Monsieur le président, l’implosion francophone ne peut plus être désamorcée par la fuite en avant, car la sanction de l’histoire sera implacable. Il a été donné à quelques leaders seulement d’être les navigateurs d’un futur de liberté et de prospérité, et les préempteurs d’un tumultueux avenir. A quelques-uns, il a été donné de voir que l’aride de la terre brûlée sur laquelle survivent les dictateurs francophones qui comme Paul Biya éliminent tous les personnages alternatifs et de calibre de successeur autour de lui, tel Marafa Hamidou Yaya, ne produira jamais un futur de croissance et de promesses, mais enfoncera encore plus les pays francophones dans la misère qui est leur présent, sinon dans la violence qui comme au Mali est leur lot quotidien. Malgré le chantage dont se sert un Paul Biya auprès de vous quand il miroite aux Camerounais la promesse d’une moisson chinoise, nous savons qu’aucune armée chinoise ne viendra jamais aider un dictateur francophone aux abois ; au contraire, nous avons vu les forces armées nationales de Côte d’Ivoire anéanties, et les forces armées nationales maliennes se transformer en brigands, quand sevrées du soutien logistique de Paris. Quant à l’armée nationale camerounaise, nous savons qu’elle serait vaporisée sans la ceinture française qui au Gabon, au Congo, en RCA et au Tchad la protège depuis toujours. Nous savons donc que seule l’armée française se tient entre les peuples africains et les dictateurs, et que des contrats militaires signés à la hâte ces dernières années par l’ex-président Sarkozy ici et là ont voulu donner une perfusion à des régimes dociles mais condamnés comme celui du Cameroun, et fidéliser ceux émergeants mais de même famille idéologique tel le nouveau pouvoir au Sénégal.

Monsieur le président, nul ne peut impunément jouer à cache-cache avec l’avenir trop longtemps. A quelques leaders seulement il a été donné de saisir le moment où l’intérêt de leur pays coïncide avec celui des peuples opprimés, et donc de lâcher les dictateurs qui font barrage à la marche inexorable du monde. Ce sont ces leaders qui font l’Histoire. Vous arrivez au pouvoir au bon moment car votre victoire à l’élection présidentielle en France est certes la seconde venue de la gauche à Paris en plus d’un demi-siècle, sa chance est qu’à la différence de 1981, elle découvre une économie francophone qui aujourd’hui est clairement condamnée. Vous arrivez au moment où les dictateurs francophones comme Biya emprisonnent un pays des plus riches de l’espace francophone dans les caisses du désinvestissement en voulant s’imposer à vie au pouvoir au moyen de milices tribales et de sectes, alors que la France, secouée par la crise de l’euro, a plus qu’intérêt à voir un espace francophone prospère et riche.
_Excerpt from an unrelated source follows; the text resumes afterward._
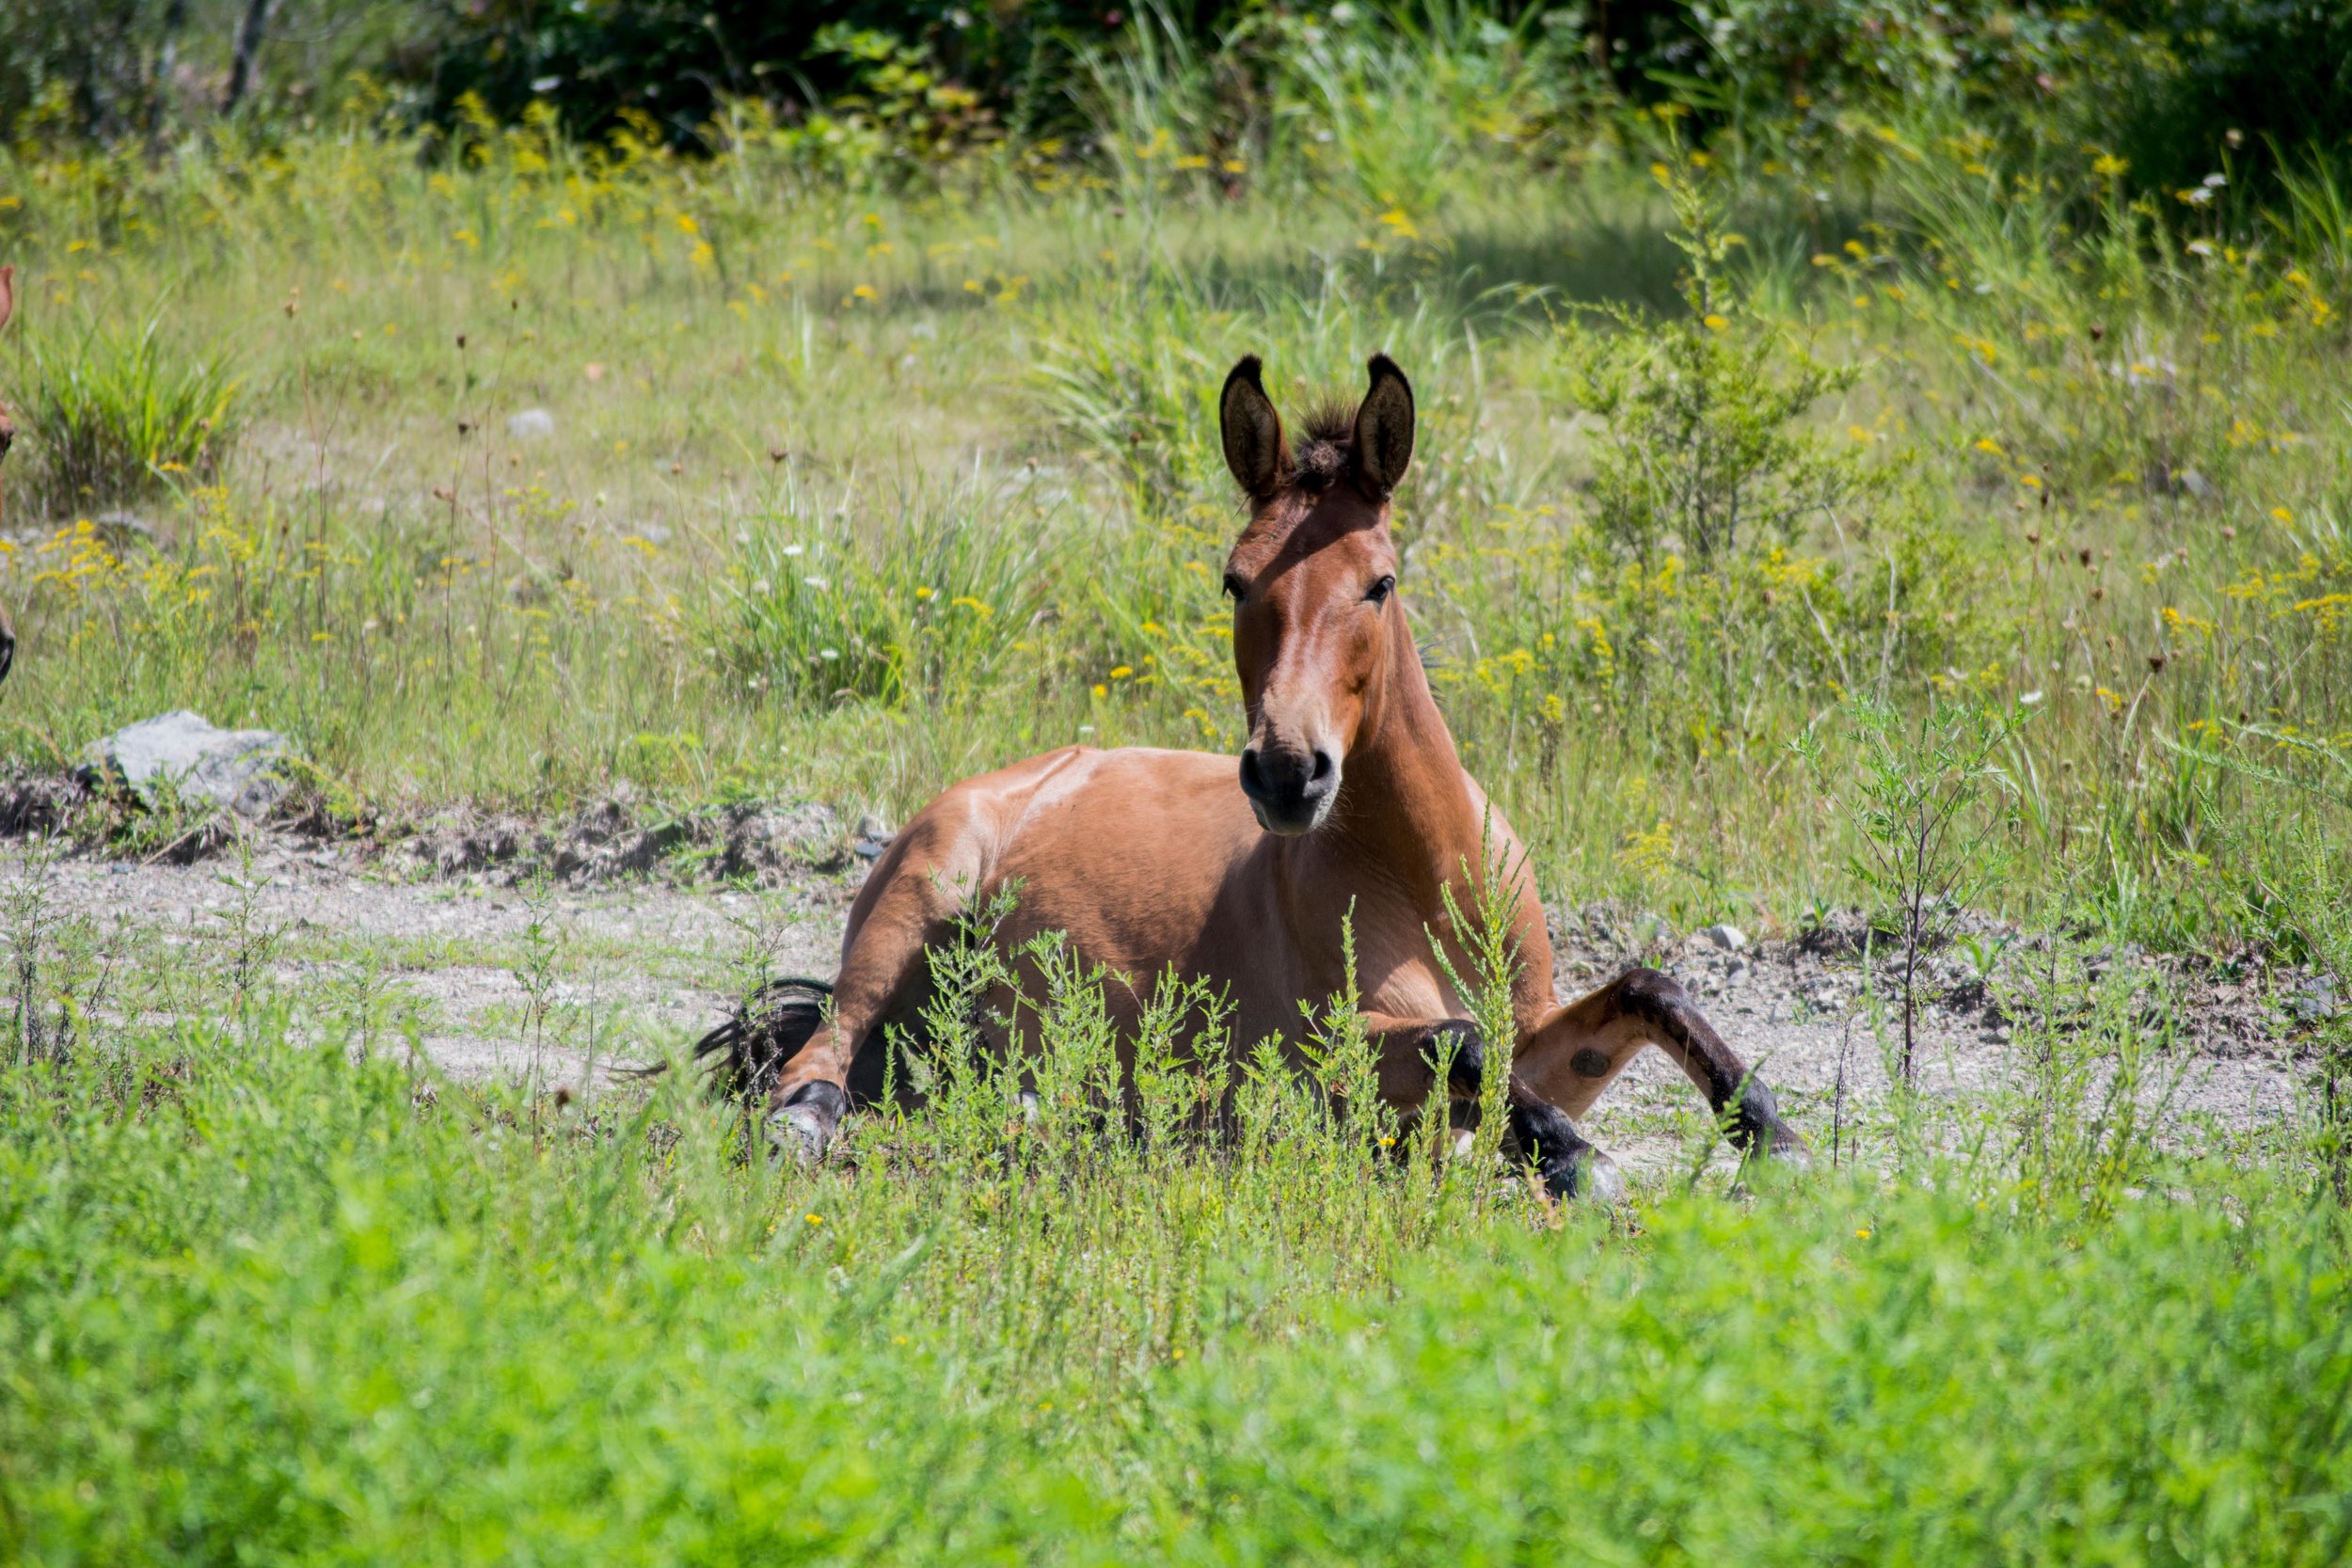  Kentucky's Free-Roaming Horses: The True Unbridled Spirit   

Vous arrivez donc au pouvoir au moment où l’intérêt de la France coïncide avec celui objectif des peuples africains en soif de liberté et de bien-être, car le prix de la dictature est devenu insoutenable pour chacun de nous. Vous arrivez au moment où la sortie de l’impasse francophone laisse à la France au fond peu d’options autre que se mettre aux côtés des peuples africains, la violence des coups d’Etat et des génocides qui ont peuplé l’histoire de l’espace francophone depuis les indépendances de 1960, fabriqué des dictateurs et maintenu des millions de personnes en otage, n’ayant pas transformé celui-ci en espace de productivité mais en plantation esclavagiste. Vous arrivez au moment où l’espace francophone est devenu après l’implosion du monde communiste et après la démocratisation du monde arabe, l’avant-poste de la dictature sur terre. Monsieur le président, oui, vous arrivez au moment juste. Vous pouvez inscrire dans l’histoire des peuples qui se libèrent le sceau de vos actes, et écrire avec nous l’histoire inexorable de notre commun progrès vers la démocratie. Vous pouvez faire l’Histoire : aidez-nous à défaire les dictateurs francophones ! Vous pouvez faire du 6 mai une bonne nouvelle pour le peuple camerounais : aidez-nous à déposer Paul Biya ! Nous n’attendons rien de moins.